IoT where you did not wait. Development and testing (part 2)

Continuation of the first part of the article “IoT where you did not wait. Development and testing (part 1) ”was not long in coming. This time I will tell you what the architecture of the project was and what kind of rake we stepped on when we started testing our solution.

Disclaimer: not a single trash bin was hit hard.



Project architecture


We got a typical microservice project. The layer of microservices of the “lower level” receives data from devices and sensors, stores them in Kafka, after which business-oriented microservices can work with data received from Kafka to show the current state of devices, build analytics and fine-tune their models.



Kafka in the IoT project went very cool. Compared to other systems like RabbitMQ, Kafka has several advantages:

  • Work with streams : raw data from sensors can be processed to get a stream. And with streams, you can flexibly configure what you want to filter in them, and it’s easy to do streaming (create new data streams)
  • : Kafka , , , . - , - , . , Kafka , . , , , .

Backend


First, let's take a look at the backend that is familiar to us, the entire business layer of the application is built on the same Java and Spring stack. To test microservice applications in a real environment, we use the test-containers library. It allows you to easily deploy external bindings (Kafka, PostgreSQL, MongoDB, etc.) in Docker.

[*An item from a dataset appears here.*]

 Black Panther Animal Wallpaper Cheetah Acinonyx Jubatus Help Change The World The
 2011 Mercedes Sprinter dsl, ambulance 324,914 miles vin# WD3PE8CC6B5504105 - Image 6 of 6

First, we raise the required container in Docker, launch the application and on the real instance we are already running test data.

About exactly how we do this, I spoke in detail at the Heisenbug 2019 Piter in the report “Microservice Wars: JUnit Episode 5 - TestContainers Strikes Back”:


Let's look at a small example of how it looked. The lower-level service takes data from devices and throws it to Kafka. And the Heat Map service from the business part takes data from kafka and builds a heat map.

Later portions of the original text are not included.